Crafting better questions that will unearth new thinking. This can be as simple as shifting the orientation of a questions. Instead of answering "how can we get more people to attend our programs?" spend time exploring "Where are there already a lot of people and how could we bring our programs to them?" Use language that challenges existing norms or requires looking at an issue from a new angle.



Applying personas to the problem under consideration. Marketing firms, television execs, and others create personas or detailed profiles representing the different demographics they are trying to reach. Paula is a 40-year old divorced mother of two living in a New Urban townhouse on the outskirts of a major city. They then examine ideas under consideration from the perspective of this persona: why would Paula watch this show, buy this product? We can do the same in our own conversations, adopting the persona of a member or stakeholder and exploring how they would respond to the program or service being discussed.



Changing how and where the conversations occur. If you need fresh thinking, you might need a fresh space or a fresh process for producing it. Sameness begets sameness. Have a conversation field trip and go a new site that will cause people to engage differently. Or make the time a Walk and Talk with small groups of individuals walking and talking about an assigned topic or question and then reporting back to the large group.

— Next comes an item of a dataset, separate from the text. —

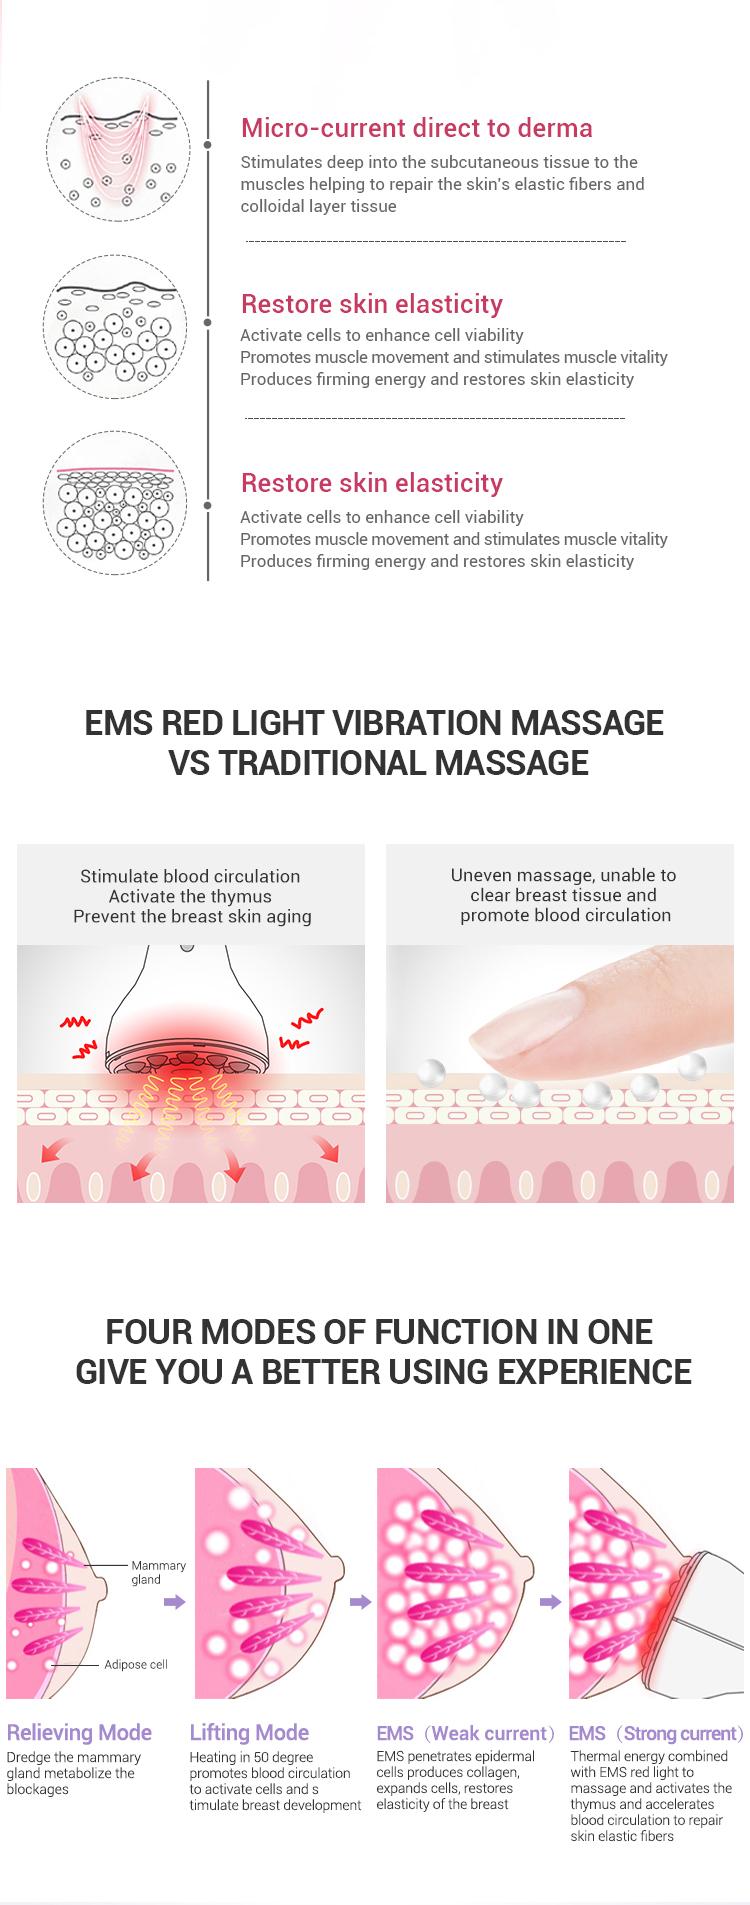 EMS 電気ポータブル十ユニット本体マッサージ機筋肉刺激装置

Research shows our brain engages differently when our body is involved in nominal activity.



The output



I believe that the process often is the product, but I also appreciate that many people need to feel a sense of accomplishment beyond "just talk." Creating time for conference participants to reflect on conversations and identify actions they will take and offering a follow-up accountability check-in is one way to meet this need. If you attended a summer leadership workshop as a student, you may have addressed a letter to yourself that the workshop leaders mailed many months later to refresh the energy and inspiration you had "in the moment."



At conferences some content stays at a somewhat general level because of the diversity of the audience. As a result the conversation is not going to be completely compelling because it isn't specific enough. Create opportunities for individuals to gather with like-minded colleagues and discuss the "so what? now what?" connections of the more general ideas to which they have been exposed: i.e., after a general session offer breakouts where individuals with the same job functions can gather and converse.



Dwelling longer in possibilities, not probabilities. In his book The Design of Business, author Roger Martin talks about how some innovative ideas can't necessarily be initially supported by data. Turning our conversation too quickly to what we know will work means we will resort to thinking anchored in the past and present as opposed to what might be possible in the future. Having facilitation or an agenda that hols people in "What if?" thinking is required for compelling conversation.



Reviewing group decisions and next steps at the end of a team meeting helps fuel a sense of accomplishment as does identifying simple strategies for keeping the conversation alive: adding a few questions to your team discussion boards, posting them on flipchart paper in the break area where additional ideas can be shared, generating a mantra that can inform your mission and the daily actions in which individual engage, or the formal leadership refreshing the conversations regularly in their interactions with others.